Le Tombeau de Couperin


  • Prélude 3’09
  • Fugue 3’34
  • Forlane 5’19
  • Rigaudon 3’00
  • Menuet 4’26
  • Toccata 3’58


Ma mère l’Oye

(for piano four hands) with Clément Lefebvre


  • Pavane de la Belle au bois dormant 1’33
  • Petit Poucet 2’44
  • Laideronnette, Impératrice des Pagodes 3’13
  • Les Entretiens de la Belle et de la Bête 4’01
  • Le jardin féérique 3’05


Philippe Bianconi: the smouldering passion under the ivory


It is from Italy that he takes his name and the passion concealed within him, which gives him his vibrancy when he is on stage. The passion that overwhelms his audience. Italy sings in him with the colours of its language, so familiar to him, of its Mediterranean exuberance in which his childhood was bathed. But it was in Nice that Philippe Bianconi was born and raised, and it was France that moulded him. Which is why artist and man alike are a blend of poise and ardour, discretion and inner flame, clothed in an elegance and a luminosity that may be read in his presence, in his eyes, and can be savoured when he is at the piano.

As a young man, he progressed by leaps and bounds, propelled into international competitions by Pierre Cochereau as soon as he left the Nice Conservatoire. His career path was marked out from the day he entered the class of Simone Delbert-Février, a student of Marguerite Long and Robert Casadesus. ‘Sing!’, ‘Listen!’: even today, he can still hear the injunctions of that refined, enthusiastic woman, stirred by an inner fire, and he utters them in his turn to the students he trains at the École Normale de Musique de Paris. On the byways of those early years, he met Gaby Casadesus: with her he put the finishing touches to the purity of style, the clarity of musical expression he had cultivated since the start of his musical education. With the Russian pianist Vitalij Margulis, he found that density of sound which is his alone, and drew from the innermost recesses of the text, from the depths of the harmonies, that expressiveness which he always places at the service of meaning. And then: two birds with one stone! Having won First Prize at the Robert Casadesus Competition in Cleveland, then Second Prize at the Van Cliburn Competition, he triumphed at Carnegie Hall, and his American career was launched . . . Then came Europe, France, the world, in recital or alongside today’s most eminent musicians. And, still following in the footsteps of Gaby and Robert Casadesus, but also of Nadia Boulanger, it was only natural that he should succeed Philippe Entremont as artistic director of the American Conservatory of Fontainebleau for five years.

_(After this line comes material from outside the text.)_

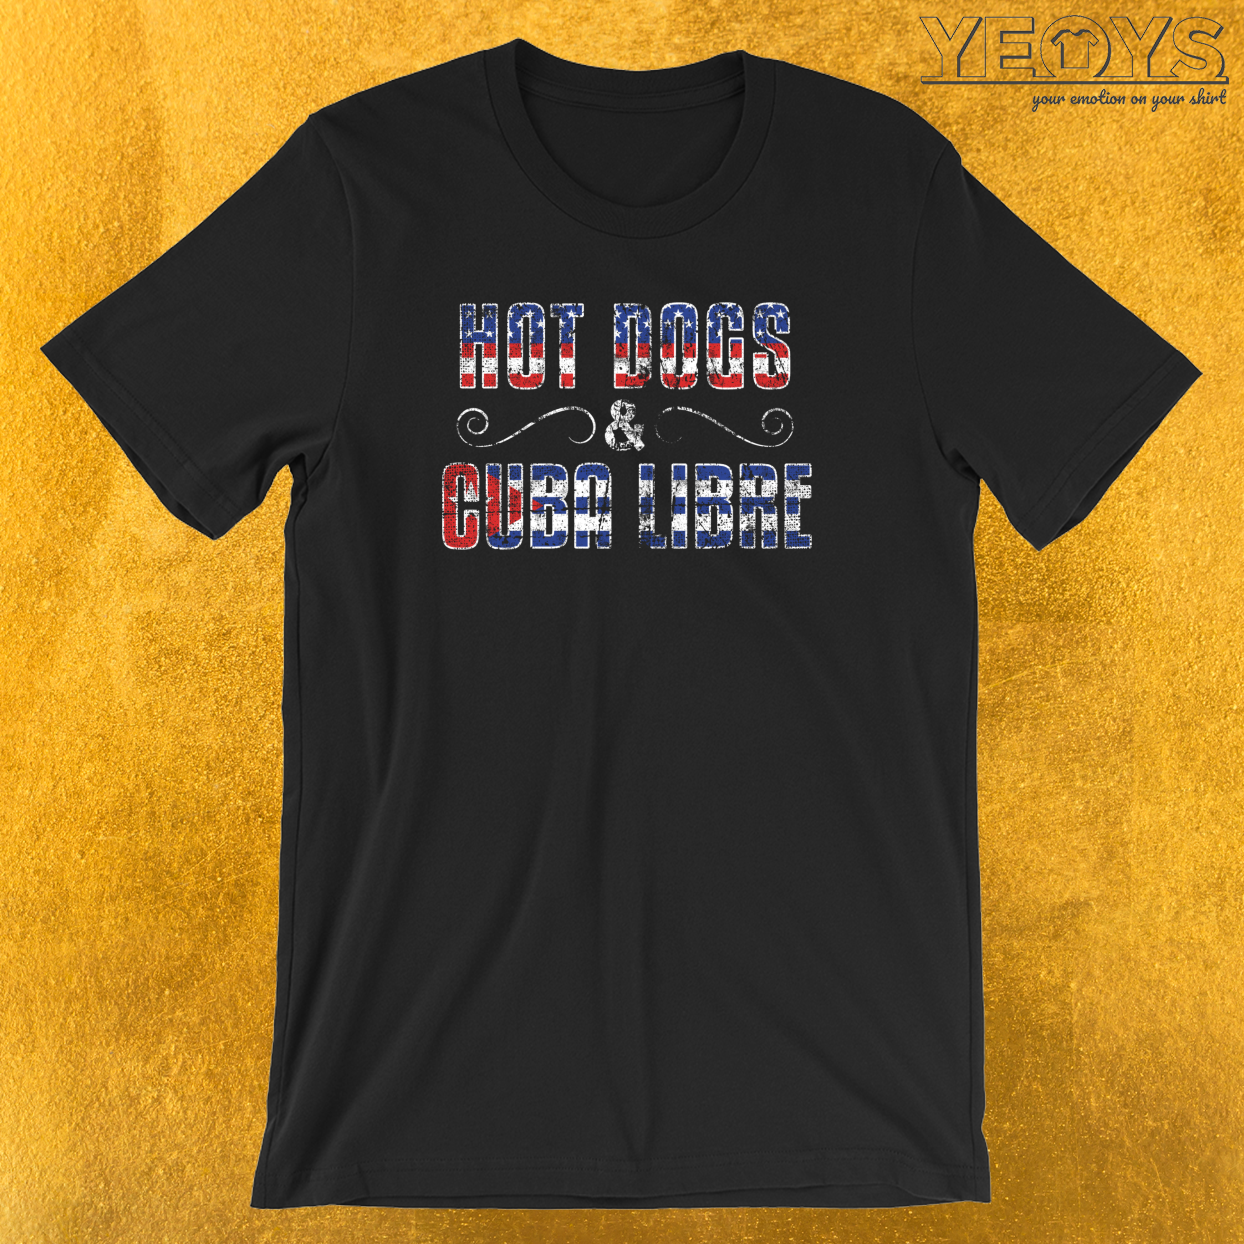 Hot Dogs & Cuba Libre USA Cuba T-Shirt

In concert, the vibration of the air when silence fills the hall is precious to him, liberating and inspiring. He sometimes takes on the most incredible challenges, such as playing the two Brahms concertos in one evening. When he returns to his corner of paradise somewhere in the south, between the sea and the mountains, he remembers his youth, his parents who took him to the opera, and the love for the voice that he felt at a very early age and that will never leave him. He remembers Hermann Prey, whom he met at the age of twenty-two, and Schubert, who brought them together on record and, for eight years, on the great stages of the world, the Wigmore Hall, La Scala, Munich, New York . . . Then his piano sings, breathes, becomes body and soul. And Chopin, Schumann, Brahms, not to mention his beloved French masters, Debussy and Ravel, in sublime abandonment, confide the secrets of their treasures to this musician-poet.